Did you know that there are over 13,000 drug rehabs in the United States. Of these thousands of rehabs, there are many different types of rehabs: all women; ages 17 – 35; CO-ED; and even one for pregnant women only.

I thought it was interesting that there are so many women only drug rehabs (and very few men only ones) and thought to compare them:

With an all women drug rehab there can be fewer distractions: from not having to worry about how you look, to not being preoccupied with the possibility of starting a relationship at a time when it could hinder the progress of your rehabilitation.

Also, having other women around you that have gone through similar situations and have the same demands as other women can be extremely helpful in the recovery process. Rehabs for women vary from city to city. Some offer educational tutoring, academic courses, computer skills, life skills, recreational activities like, swimming, hiking, yoga, and karate, as well as group and individual counseling.

CO–ED drug rehabs are more common and therefore, you have a greater number to choose from which could be helpful in finding just the right fit for your needs.

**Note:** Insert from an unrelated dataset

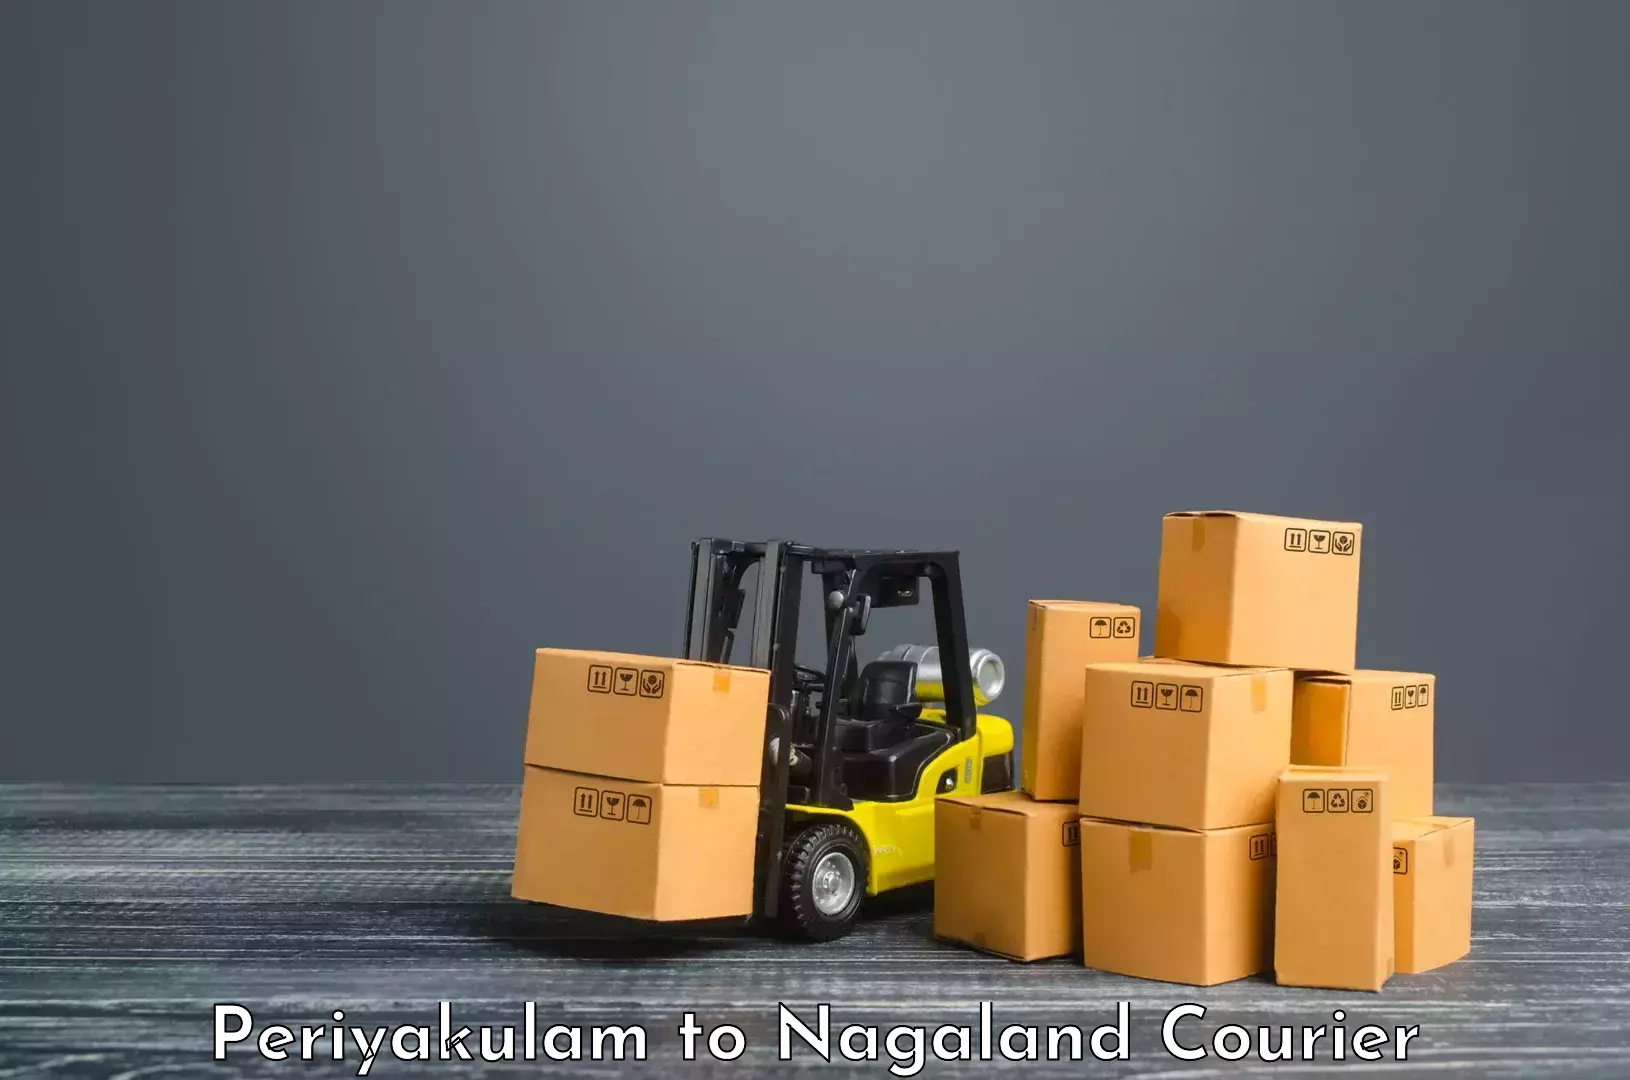 Subscription-based courier Periyakulam to Nagaland

There is also the opportunity of a more diverse group and the opportunity to build relationships with the opposite sex based on your common situation. CO-ED rehabs offer many of the same classes and courses as all women’s drug rehab but may have some activities geared more toward males or mixed groups.

The length of stay varies greatly at any rehab whether it is all female or not. Some can range from 1-4 weeks, others 3-6 months, and even 9-12 month programs.

With all of these differences to be considered, not just in gender, you should talk to someone who has had some experience and can recommend a rehab that will best suit your needs.